Eric Shirley leads Bruce Tulloh in the 2016 Olympians’ Mile in London – pic by Mark Shearman

Shirley has the ability to surprise as well. When I ask him what his finest moments were on the track, he admits: “Athletics was never a number one in my life. The priority in my life was my family and staying in work and earning a living. Athletics then was not what it is now where you can sit at home all day and be paid for it as a career. Back then it was a hobby.”

Given his immense longevity, what are his secrets? He cites a love of the sport, his competitive nature, being a clean athlete, training consistently and never neglecting speedwork. “Also, my frugal lifestyle,” he adds, explaining that these habits are a remnant from his childhood. Even now, he tells me, he struggles to eat a large meal.

Shirley has witnessed big changes over the years. These include the growth of women’s athletics and he believes male and female world records will one day be similar. “Women are tough!” he says. “The day will come when there will be a par between men and women. No question about that in my mind. You only have to look at horse racing. But it won’t happen in your lifetime or mine.”
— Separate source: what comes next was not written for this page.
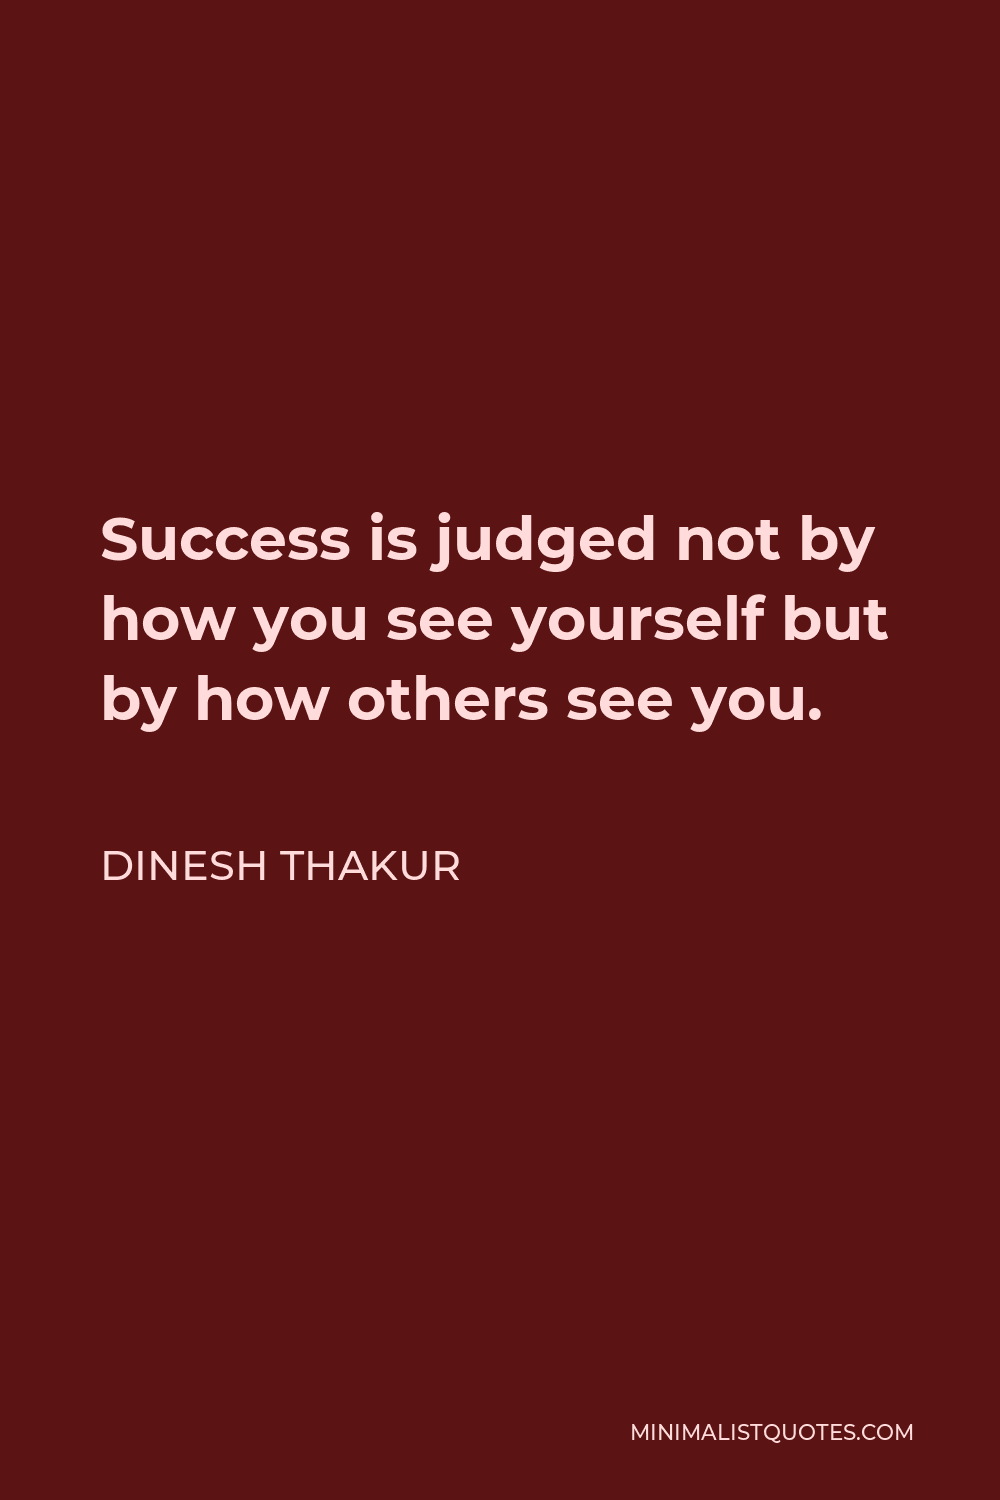 Dinesh Thakur Quote: Success is judged not by how you see yourself but ...

Not short of some feisty views, he believes access to athletics tracks should be free to use. “The tracks are empty today,” he says. “In my day there was no charge, you could just turn up and run – and the tracks were full.”

In addition, he says more leading middle-distance runners should give the steeplechase a go and well-known international athletes should “give more back” to the sport by racing in domestic events and training alongside club athletes.

Looking ahead

One of Britain’s finest endurance athletes, Shirley’s performances have stood the test of time. More remarkably, he is still racing into his 90s.

He was dealt a poor hand from birth and had plenty of barriers in life long before he encountered the wooden hurdles that he eventually faced on the track. To overcome such disadvantages at an early age and to rise to the status of Olympian is a phenomenal feat.

He is not finished yet, either. “Who knows when the pandemic will stop?” he says. “But the problem now is that youngsters of 90 will be coming into my events and I’ll be competing against younger people. They will be fit and strong, so I’ll have to be in top form to win my age group!”

Clearly the competition continues to drive him. But what is the main thing that gets him out the door most days to train?

“Habit,” he replies without hesitation. “It’s lovely to be able to run. It’s exhilarating. To be able to do it. That’s the thing. I feel sympathy for the people who can’t do it as they are missing so much.”